From the table above, we can see that horses running in the higher race classes tend to carry slightly more weight. So let's do a little feature engineering and see what happens if we compare weight carried with the mean weight carried by all horses in the same race.

In [None]:
# Add an 'actual_weight_mean' field to each run
df_mean_actual_weight = df_runs.groupby('race_id')['actual_weight'].mean().to_frame()
df_runs = df_runs.join(other=df_mean_actual_weight, on='race_id', how='outer', rsuffix='_mean')

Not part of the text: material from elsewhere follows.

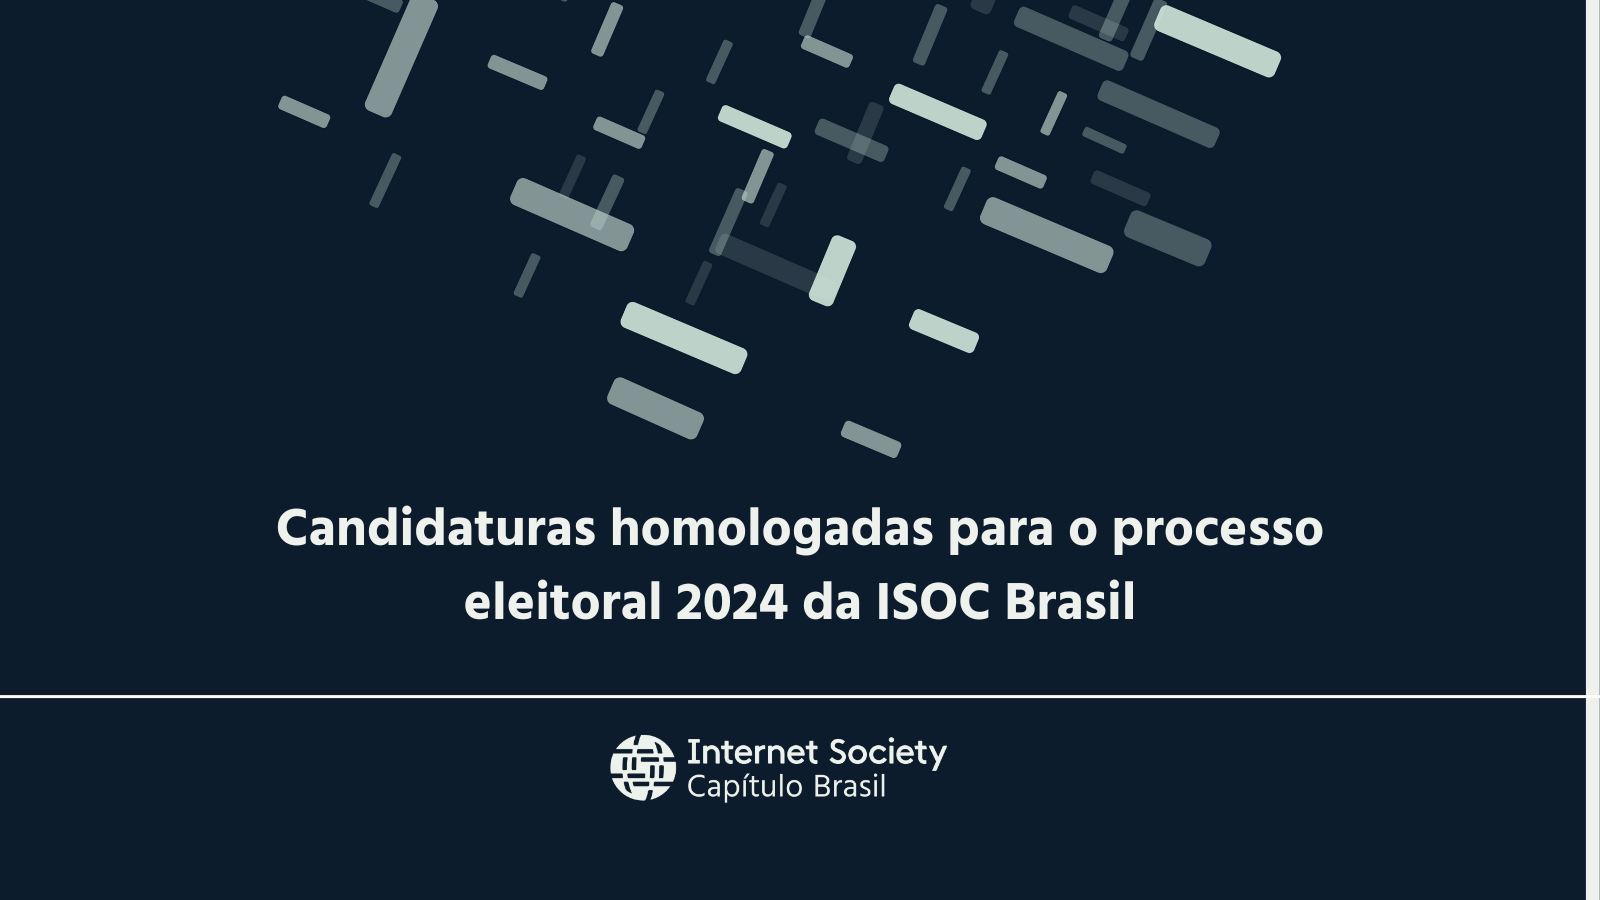 Candidaturas homologadas para o processo eleitoral 2024 da ISOC Brasil

# Add an 'actual_weight_var' field so we can see the relative weight carried by this horse
df_runs['actual_weight_var'] = df_runs.apply(lambda run: run['actual_weight'] - run['actual_weight_mean'], axis=1)

In [None]:
# Plot actual weight variance against strike rate
weight_var_vs_wins = df_runs.groupby('actual_weight_var')['won'].mean()
weight_var_vs_wins.plot();

Not exactly clear, but ignoring the numerous outliers, it does look like there may be a _slightly_ higher chance of winning for horses carrying a heavier weight than others in the same race.

## What about the weight of the horse?

Can bigger horses pull more weight? Most thoroughbreds are equine athletes, so if they ever are on the heavy side, it's unlikely to be due to laziness or overeating.

Let's see if there is any relationship between the ratio of added weight to declared weight (weight of the horse & jockey) and the strike rate.

In [None]:
df_runs['weight_ratio'] = df_runs['actual_weight'] / df_runs['declared_weight']
weight_ratio_vs_wins = df_runs.groupby('weight_ratio')['won'].mean()
weight_ratio_vs_wins.plot();

So the answer here is no, there does not seem to be any. The reason for this is likely to be due to the way in which weights are assigned to horses, which is based at least in part on their estimated strength.

## Does the race distance matter?

As mentioned above, there may be some value in considering the weight carried along with the distance of the race. A weight carried over a shorter distance should, in theory, have a lower impact on the horse's performance than if it was carried over a longer distance.

So let's see.

In [None]:
df_runs['distance'] = df_runs.apply(lambda run: df_races.loc[run['race_id']]['distance'], axis=1)
df_runs['weight_distance'] = df_runs['actual_weight'] * df_runs['distance']
weight_distance_vs_wins = df_runs.groupby('weight_distance')['won'].mean()
weight_distance_vs_wins.plot();

Possibly, but only slightly.

## Conclusion

Weight carried is an important handicapping factor, but due to the way in which weights are assigned to each horse in a race, it's usefulness as a factor determining the likely outcome of a race is somewhat less than may be expected.

For this reason, it is necessary to examine weight carried along with other factors, such as the weight of the horse and the distance that the weight is being carried over. But even then, there are many other factors, such as past performance, which will likely contribute more insight to a computerised race betting system than this.